A series of high-profile horserace polling failures in 2015 didn’t help, either. Globally, polls botched election results in the United Kingdom and Israel, as well as on the Greek austerity referendum. Closer to home, a polling miss on the gubernatorial race in Kentucky was widely publicized. You couldn’t throw a proverbial rock on the internet without hitting a “polling field in crisis” thinkpiece in the fall of 2015.

Polls did show that many Republicans said they wouldn't vote for Trump, but those numbers went down over time. And we know that people often don't mean it when they say they won't vote for someone.

Once we got to January 2016 and no other candidate had come close to Trump in the polls, it might have been time to let go of some of the skepticism.
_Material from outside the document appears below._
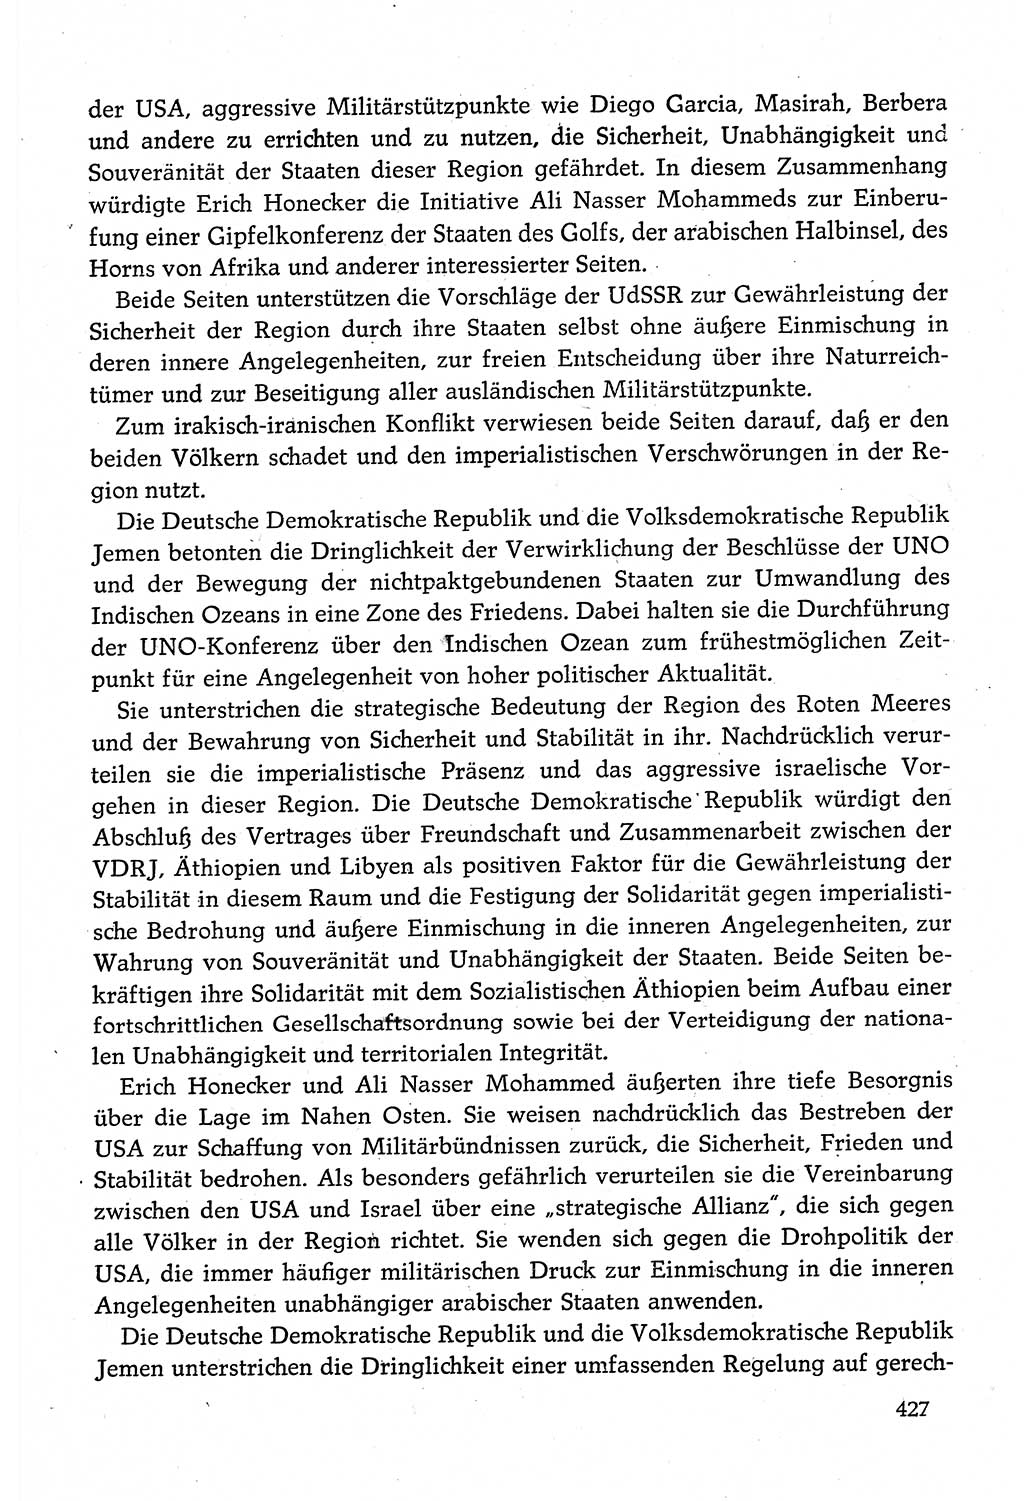 Dokumente der Sozialistischen Einheitspartei Deutschlands (SED) [Deutsche Demokratische Republik (DDR)] 1980-1981, Seite 427 (Dok. SED DDR 1980-1981, S. 427)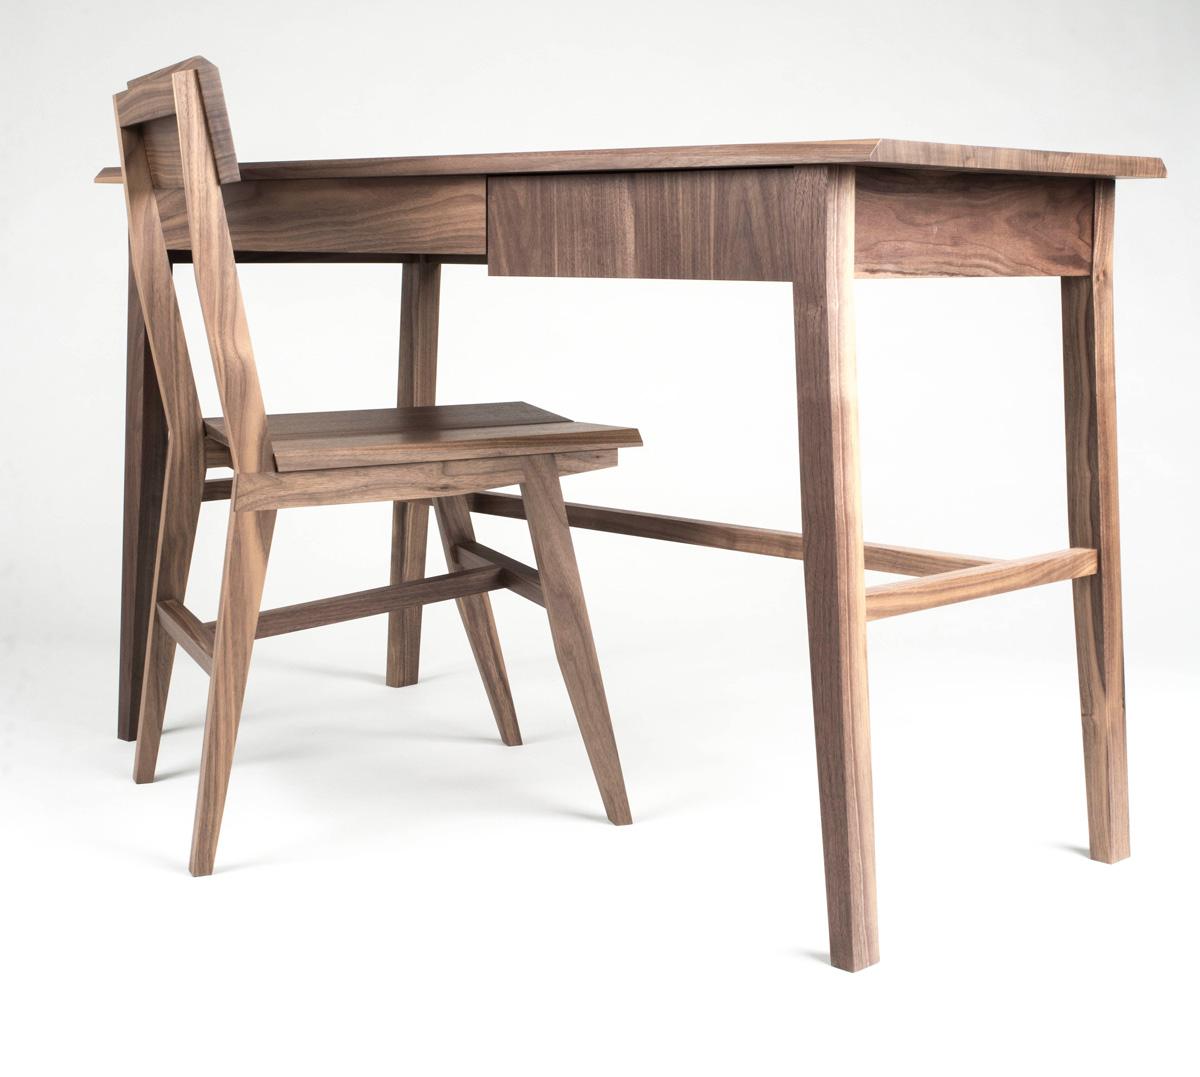 Moderner Rift-Schreibtisch aus Hartholz. Unsere Schreibtisch-Stuhl-Kombination ist nach wie vor das beliebteste Paar, das wir herstellen. Zeitlose Linien und dezente Verjüngungen machen diesen Schreibtisch zu einem Schmuckstück für jedes Heimbüro.

A surprise early February Iowa loss to Sen. Ted Cruz (R-Texas) proved to be the exception, not the rule, and Trump kept polling high. The reality TV personality even surpassed Mitt Romney’s 2012 polling lead.

Instead, as Trump kept winning states and racking up delegates, analysts focused on figuring out the arithmetic that could keep him from getting the nomination. The prospect of a contested convention became the fetish du jour among journalists and politicos alike. It made for some good headlines.

Trump did gain delegates more slowly than his predecessors. He didn’t have any real endorsements until later in March. Most candidates in the modern primary system had moved more quickly than he did. But the “modern primary system” has only been in place since 1972. And only six other Republican nomination fights have happened since then. None of those began with 17 candidates. The past was truly unable to guide us, but the appeal of the data was too strong to ignore.

Perhaps that’s because the past data on delegate accumulation and endorsements fit a much more appealing narrative than the polls did. Trump is a highly undesirable candidate for many people (and organizations such as The Huffington Post -- see the editor's note below as evidence), and it was reasonable to pick the difficult-path-for-Trump narrative out of the data at first.

But since we were still writing pieces on why he wouldn’t win when national polling — and many of the state level polls — had given him a clear lead for 9 months, we probably let those biases take over how we viewed the data too much.

It’s good to have an election every now and then that challenges all of our assumptions about how politics works. It makes us more careful about the future.

Editor’s note: Donald Trump regularly incites political violence and is a serial liar,rampant xenophobe, racist, misogynist and birther who has repeatedly pledged to ban all Muslims — 1.6 billion members of an entire religion — from entering the U.S.